Given that median progression-free survival was not yet reached after three years, post hoc follow-up continued. After five years, half of the study participants were still receiving Lorbrena, while just 5% were still taking Xalkori. In the five-year analysis reported at the ASCO meeting and in the Journal of Clinical Oncology, 60% of patients in the Lorbrena group were still alive without disease progression versus 8% in the Xalkori group. However, the PFS rate was lower for Lorbrena recipients with brain metastasis compared to those without (53% and 63%). The median PFS time was 9.1 months in the Xalkori group but still has not been reached in the Lorbrena group.

Lorbrena recipients had an 81% lower risk of disease progression or death and a 94% lower rate of disease progression in the brain. Among people without brain metastasis at baseline, just four out of 114 patients in the Lorbrena group developed brain progression within the first 16 months of treatment, compared with 39 out of 109 in the Xalkori group. What’s more, new ALK mutations that could confer drug resistance were not detected in circulating tumor DNA collected at the end of Lorbrena treatment.

Again, the safety of both drugs was consistent with previous findings. At five years, 77% of Lorbrena recipients and 57% of Xalkori recipients experienced severe adverse events, and treatment-related events led to permanent discontinuation in 5% and 6%, respectively.

“After five years of follow-up, median PFS has yet to be reached in the lorlatinib group, corresponding to the longest PFS ever reported with any single-agent molecular targeted treatment in advanced NSCLC and across all metastatic solid tumors,” the study authors concluded. “These results coupled with prolonged intracranial efficacy and absence of new safety signals represent an unprecedented outcome for patients with advanced ALK-positive NSCLC and set a new benchmark for targeted therapies in cancer.”


Overall survival rates were not reported in either of the two post hoc analyses. In the initial analysis, 23 patients (15%) in the Lorbrena group and 28 (19%) in the Xalkori group had died, a difference that was not statistically significant. The researchers will continue to follow the study participants until the median PFS time is reached in the Lorbrena group and to evaluate whether patients who receive Lorbrena ultimately live longer.

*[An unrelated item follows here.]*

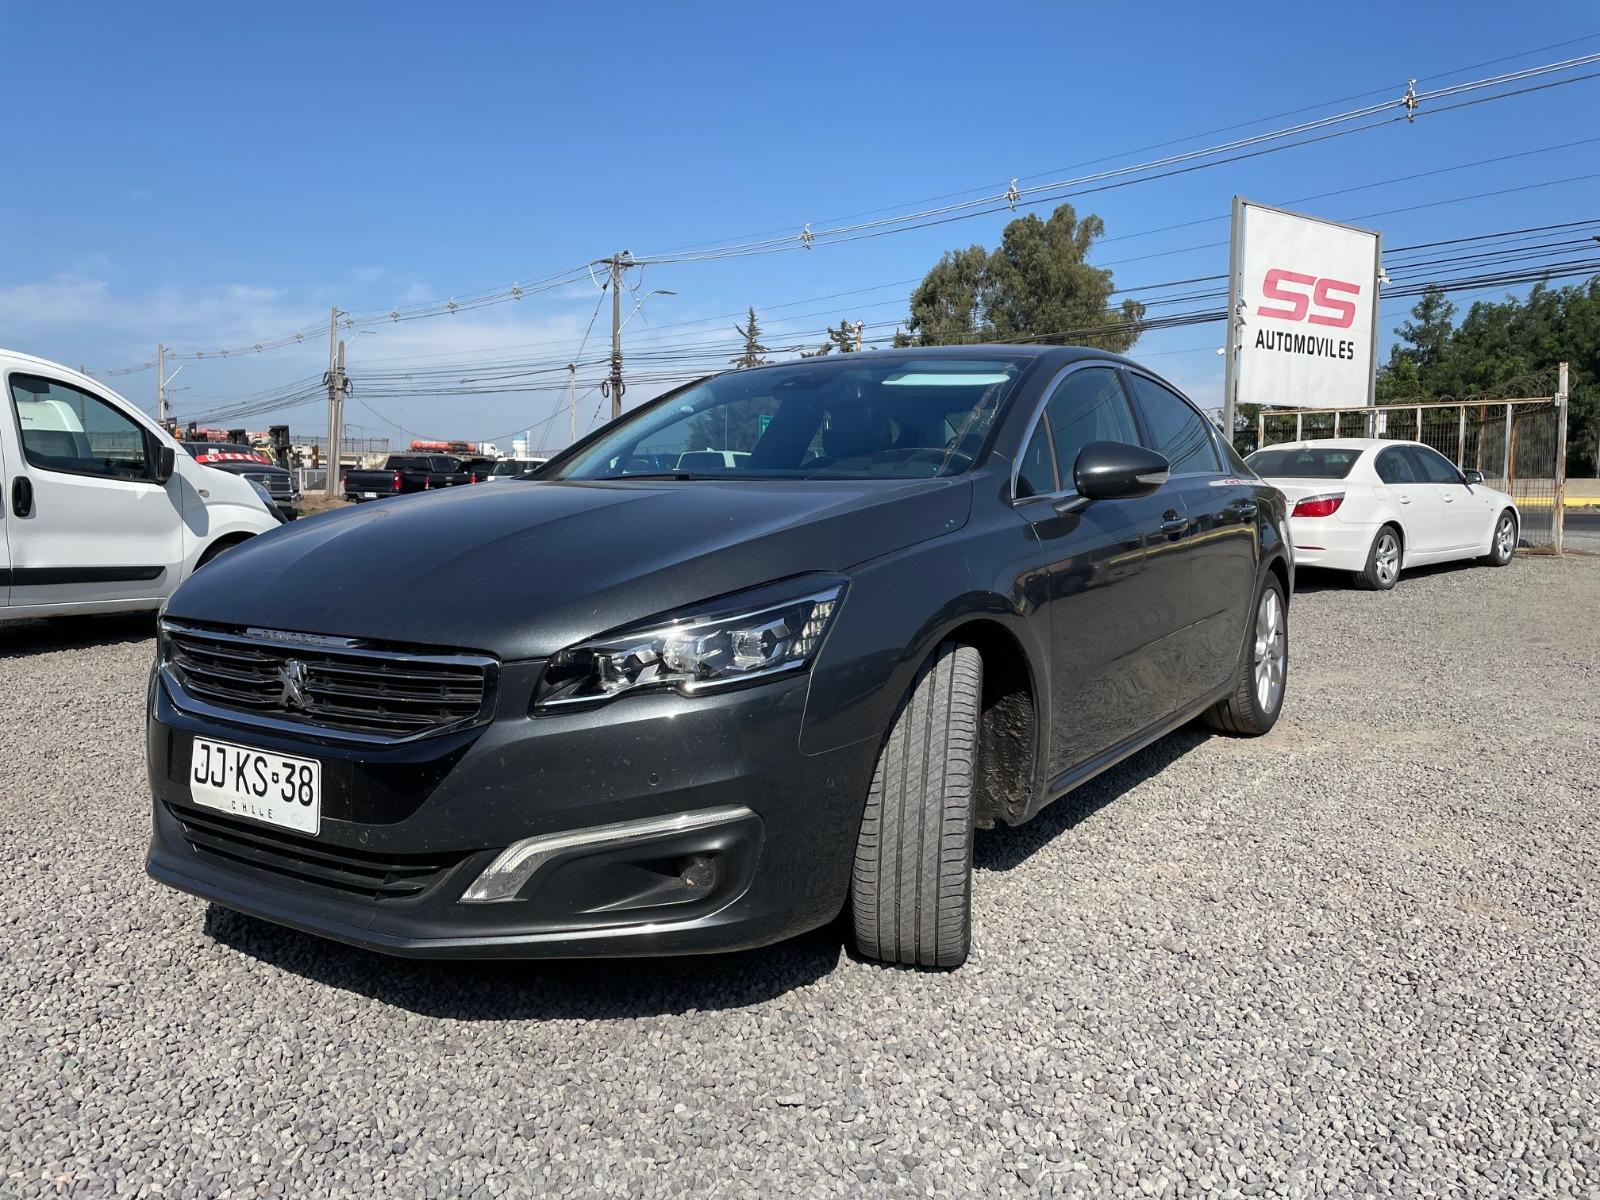 PEUGEOT 508 508 HDI AT Allure 2017 Peugeot 508 - SS AUTOMOVILES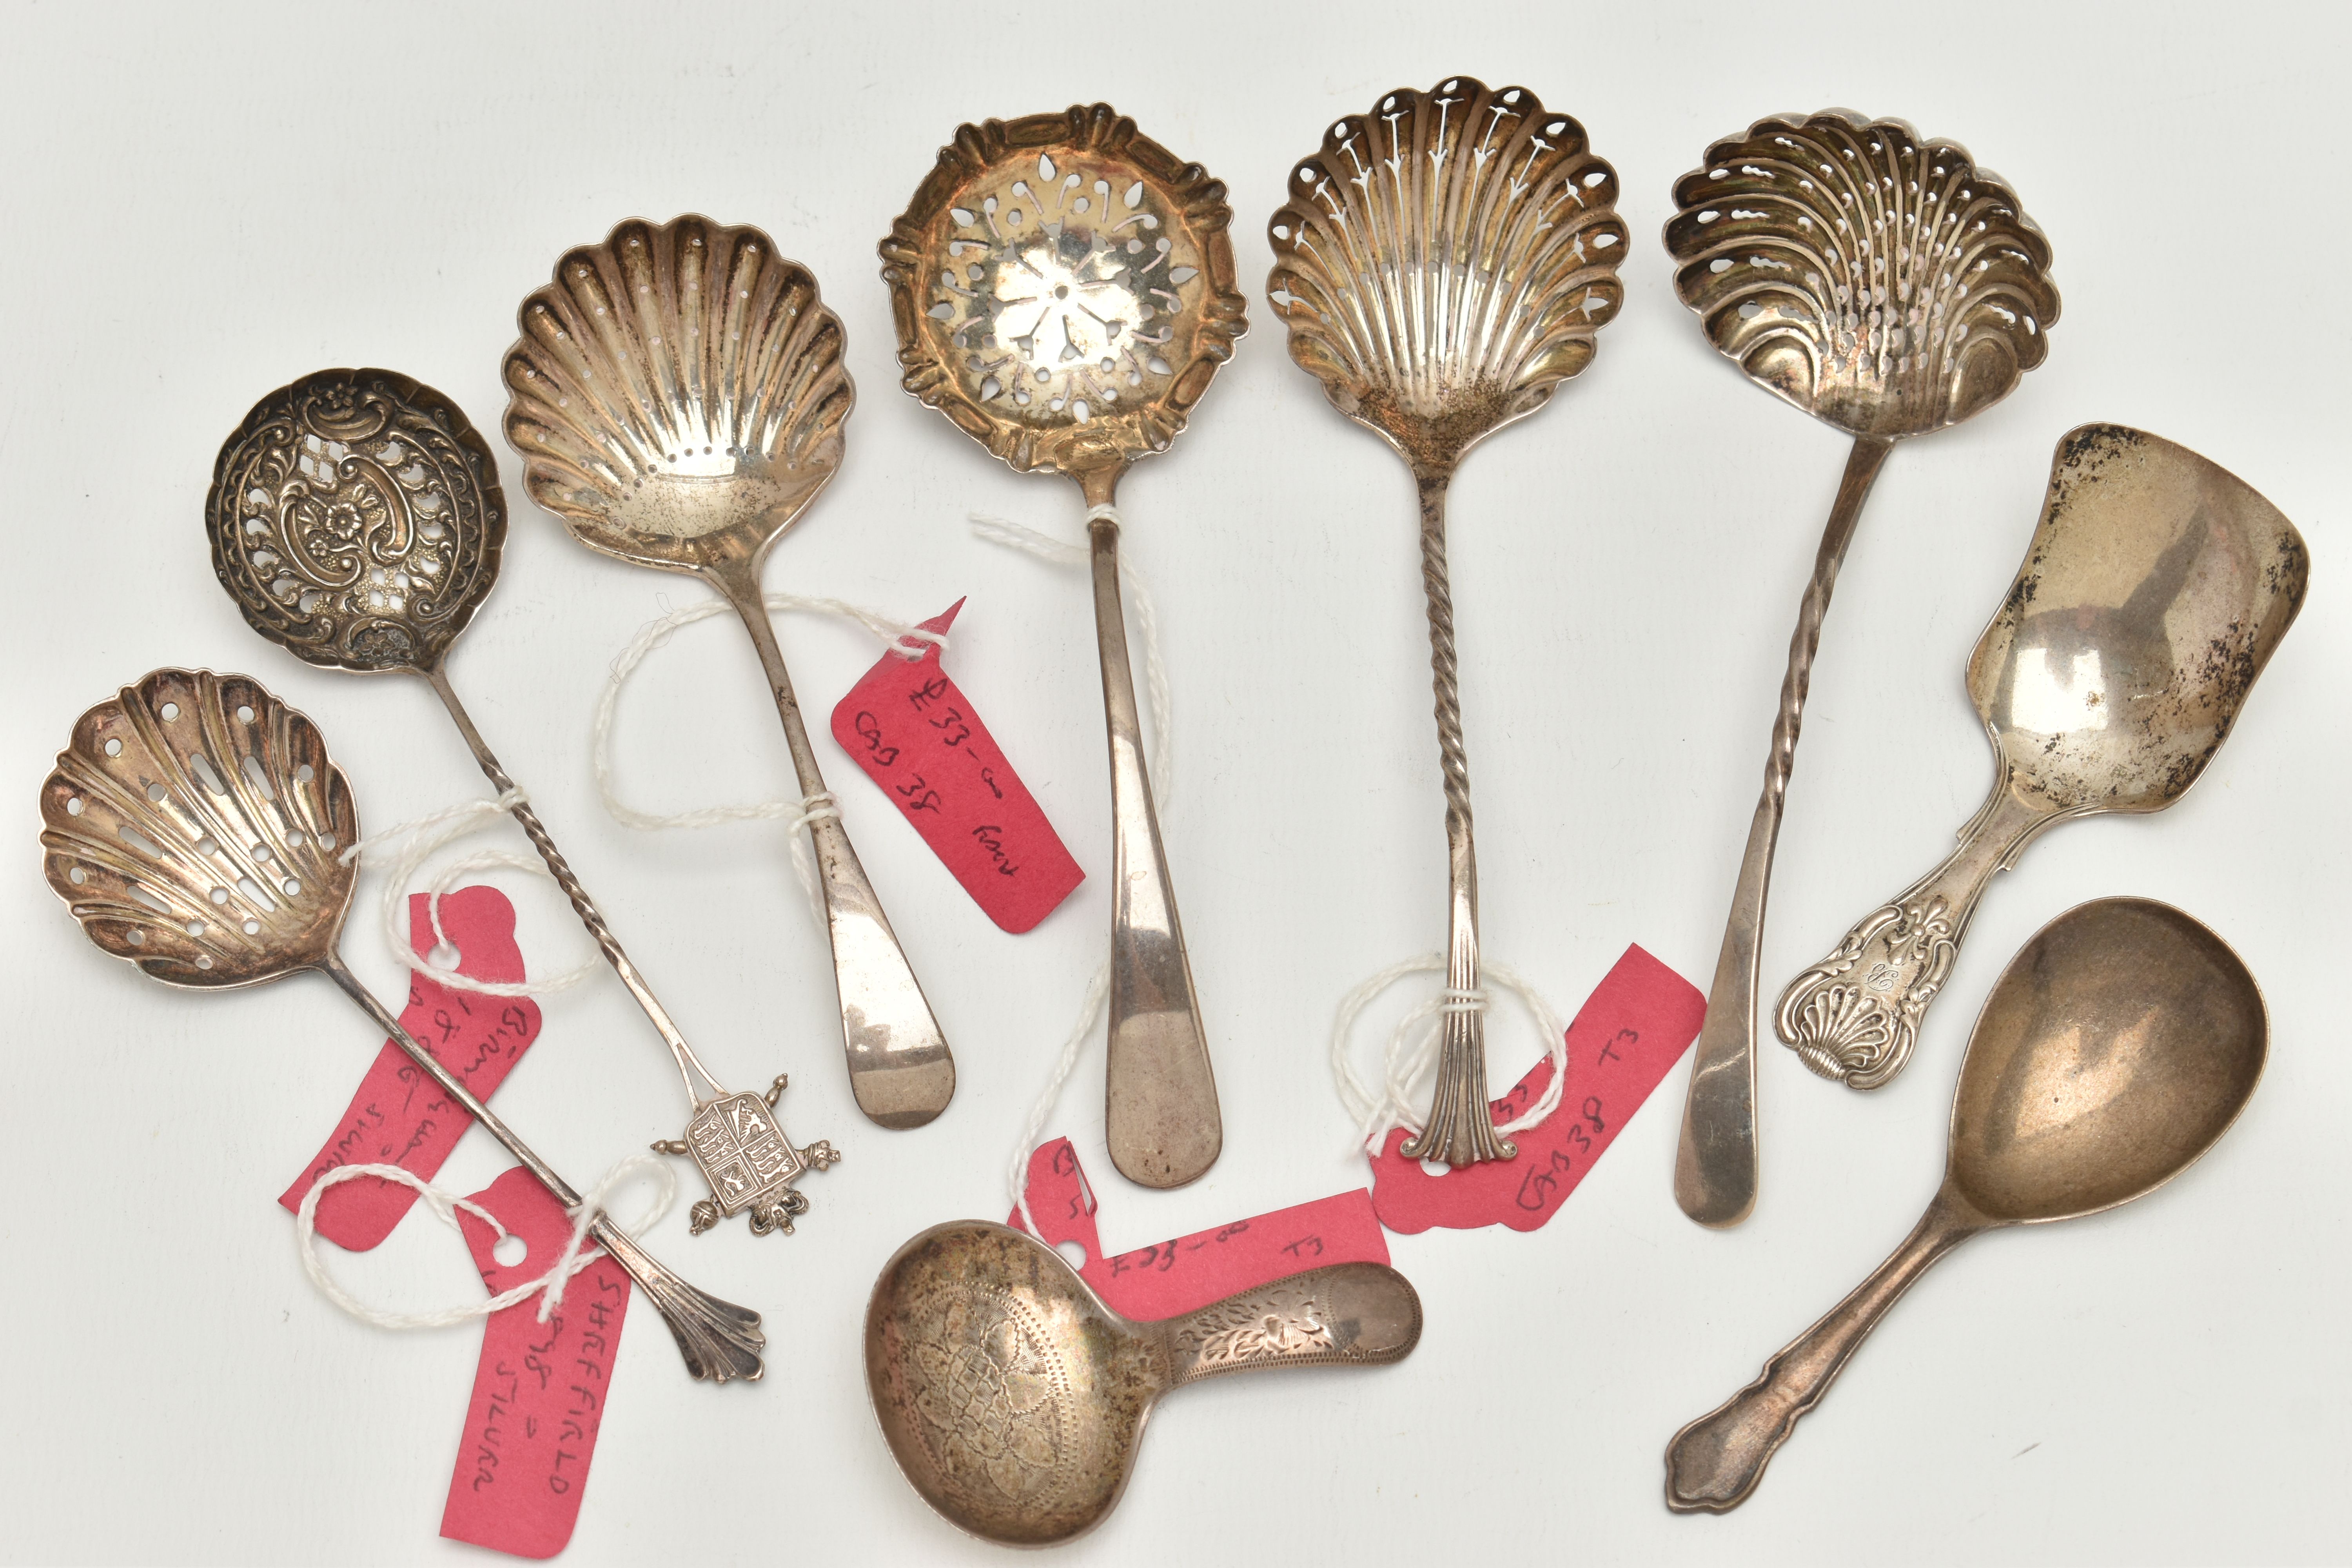 THREE SILVER CADDY SPOONS AND SIX SIFTER SPOONS, to include a 'George Unite' caddy spoon, hallmarked

Many experts—and the media—lauded the findings, but others weren’t as enthused. Vinay Prasad, MD, MPH, of the University of California San Francisco, and Timothée Olivier, MD, of Geneva University Hospital, noted that the CROWN trial had a “suboptimal” control group. Xalkori was the first ALK inhibitor, approved more than a decade ago. They suggested that the control arm of the CROWN trial should have been the newer ALK inhibitor Alecensa, which is more effective than Xalkori and is considered a standard of care. Xalkori has largely been supplanted in the United States, but it is still used in other countries.

However, David Spigel, MD, of the Sarah Cannon Research Institute, said that the Lorbrena results are “the best we’ve ever seen” for an ALK TKI inhibitor in the first-line setting. Drugs in this class have different safety profiles—including more cholesterol and cognitive side effects with Lorbrena—which could affect treatment decisions in specific cases. While cautioning against comparing results across studies, he said that Alecensa and Alunbrig have not shown durable progression-free survival of this magnitude.

“We have not seen anything close to this,” Spigel told reporters at an ASCO media briefing. While some clinicians prefer to save highly effective therapies like Lorbrena for subsequent treatment after older drugs fail, Spigel argued for the opposite approach. “Patients don’t always make it to the next line of therapy,” he said. “I want to give the best drug I can give up front.”